Another Busload to Feed

“There are so many challenges on a daily basis in food services in remote Alaska,” McCarthy says. “There are so many moving parts, and everything has to be coordinated correctly.”

From the diner’s perspective, it may not be immediately clear why one table of twenty diners is more difficult to serve than five tables with four diners each. Twenty people is twenty people, right?

Not exactly.

“Kitchens are never built, unfortunately, to actually feed every table at the same time,” Scheffer explains. “The grill space or the number of burners that you have, and the number of staff that you have, is really aligned with how much food you can produce at once, so a lot of times we’re controlling the flow.”

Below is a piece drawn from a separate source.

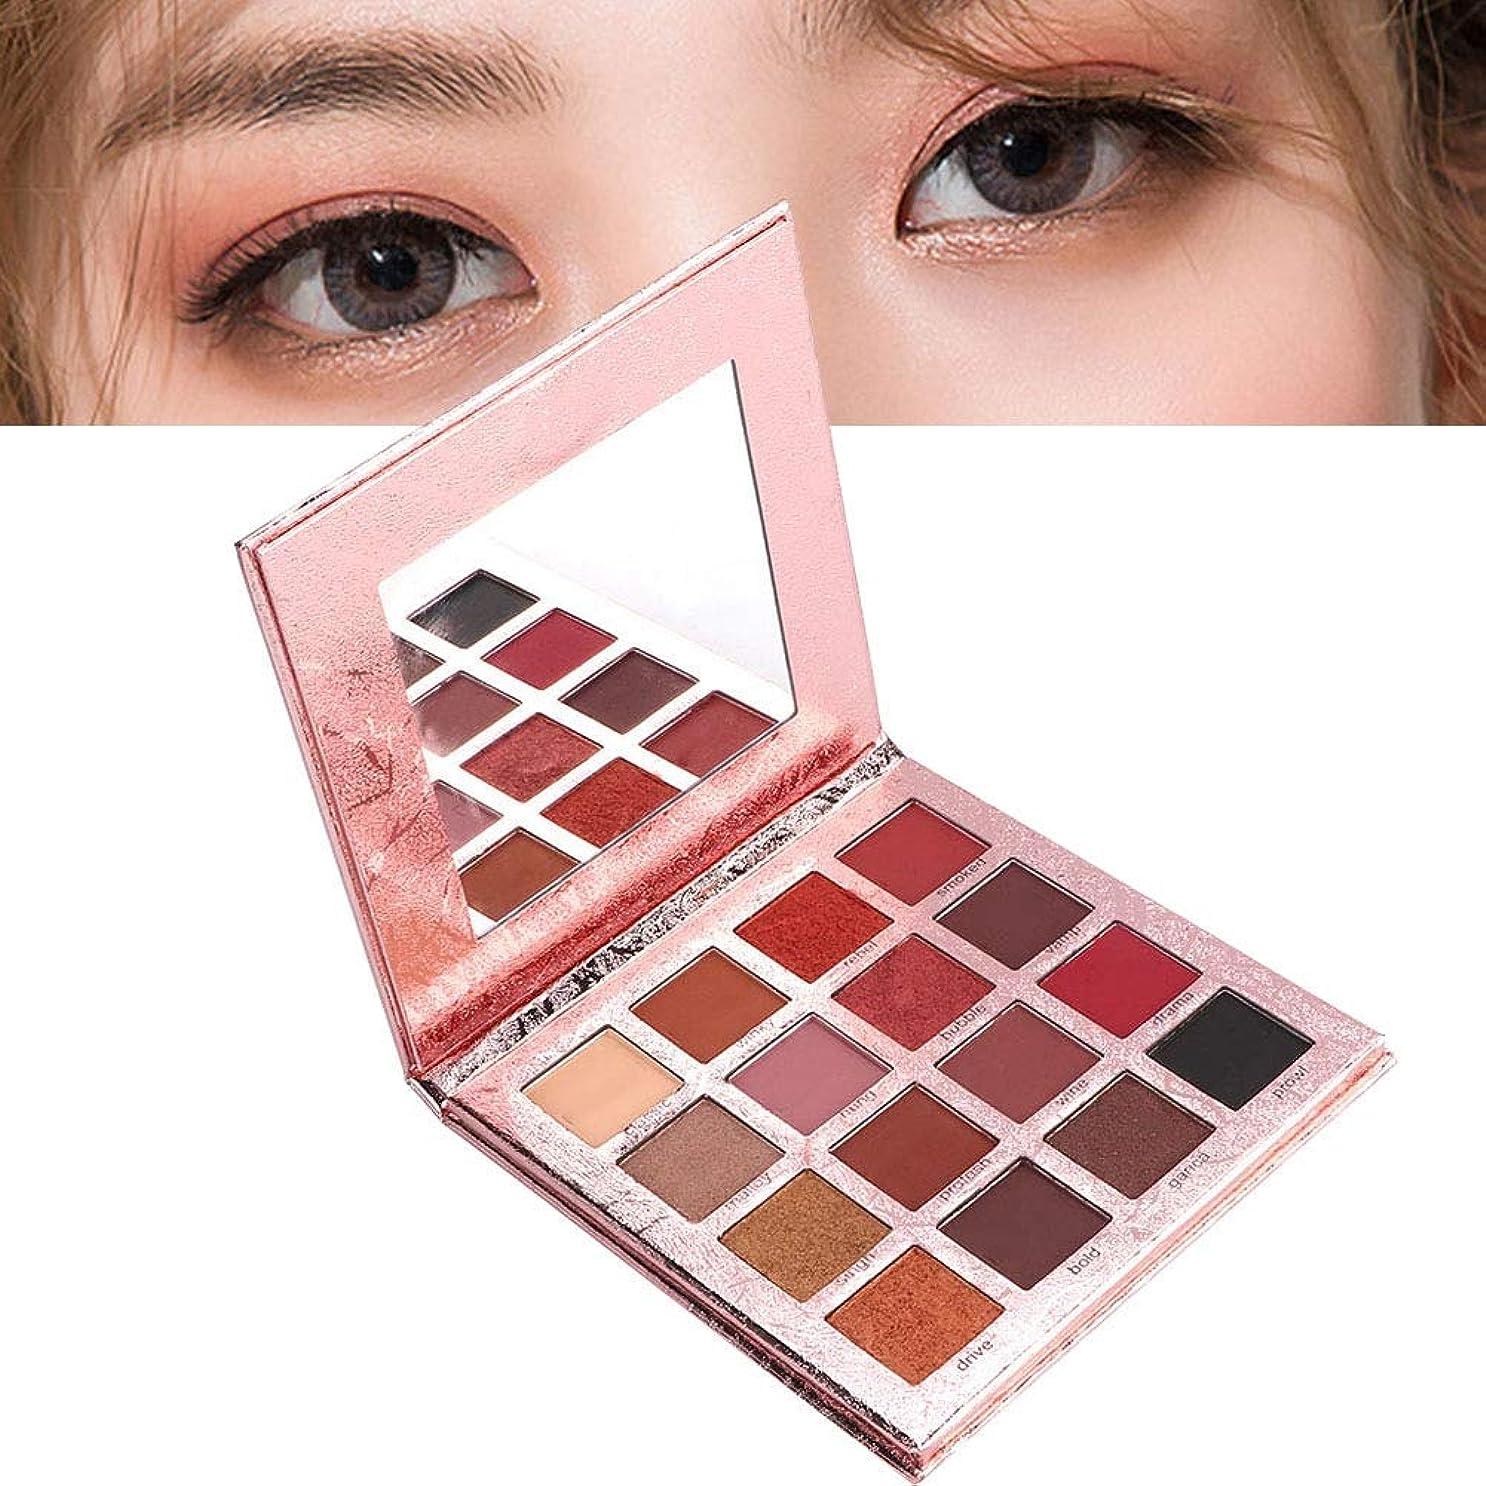 ピッチャーパックそれるアイシャドウパレット 16色 化粧マット 化粧品ツール グロス アイシャドウパウダー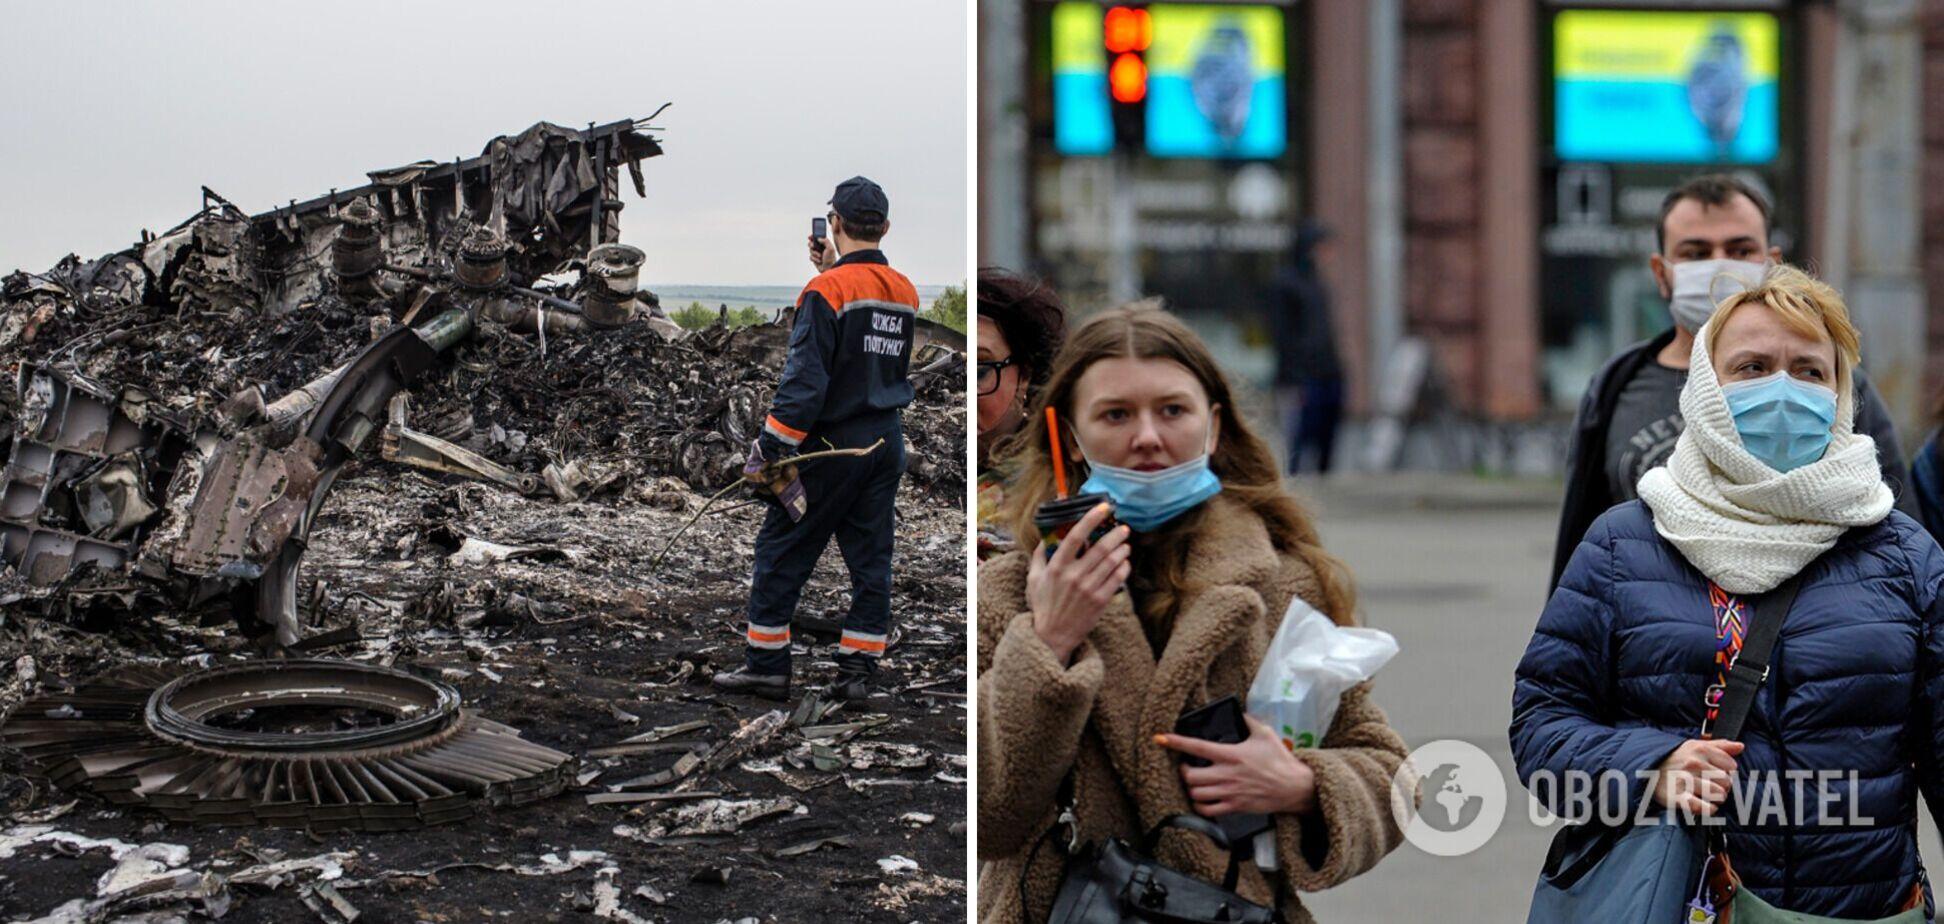 Новости Украины: обнародован перехват по сбитому МН17, а 'красной' стала еще одна область

Controlling the flow ensures that diners at individual tables get each course at the same time and that a steady stream of food is coming out of the kitchen. Restaurants manage this by staggering seating (which is why you may have a 15-minute wait even though there are empty tables) and spacing food production. Groups of diners interrupt that steady stream by pulling the kitchen’s attention away from the entire dining room and focusing it on a single table.

“We’re trying to provide a great experience for all of our guests, and if a kitchen is focusing on a table of twenty, the rest of the restaurant’s tables are waiting for that food to come out,” says Smith. “The line, each station, is focused only on that table for the most part. There isn’t a trickle of food coming out.”

To alleviate that bottleneck, restaurants typically require that groups make reservations well in advance of their arrival, often long before tourist season even begins. That helps guarantee they’re not overextending themselves on any given night.

“At the beginning of the season I just have to map out where these tour companies are going to go and check availability,” says Rinck. “Then we pin them in where we can.”

Demand, but Little Supply

Getting seafood, meat, produce, and other essentials to Denali Park has always been a challenge. National food supply chain issues haven’t helped.

“Unfortunately, there are only so many purveyors that supply Alaska,” Scheffer says. Last season, he says Alpenglow Restaurant was on a two-week hold for gluten-free panko, went ten days without bananas, and, when they did have produce, the quality was less than desirable.

“These are constant things that we’re trying to source by running to Fairbanks, driving two hours in a vehicle to buy all the bananas at Costco,” he says.

Logistical relationships with vendors have helped. For example, since 2010 Northern Hospitality Group has been getting its halibut from Kachemak Bay delivered via DiTomaso Produce Company in Anchorage, alongside regular orders of vegetables and fruits. But McCarthy says sometimes the items are unavailable, forcing his restaurants to adapt the menu.

Staffing shortages have also complicated restaurants’ ability to get supplies.

“Trucks weren’t able to get to the location to make the delivery because they didn’t have drivers or hours,” Smith says. “So we would not be getting product at all.”

Due to difficulty with their own staffing, too, restaurants had to adjust, whether it was increasing wages, modifying hours, paring down the menu, or switching to a buffet breakfast because there wasn’t enough staff to provide plated service.

The restaurants’ response in the face of these challenges, and the nimbleness with which they continue to handle them, serve as good advice for diners.

Smith says, “Being flexible and knowing it’s all part of the Alaskan adventure are part of the requirements.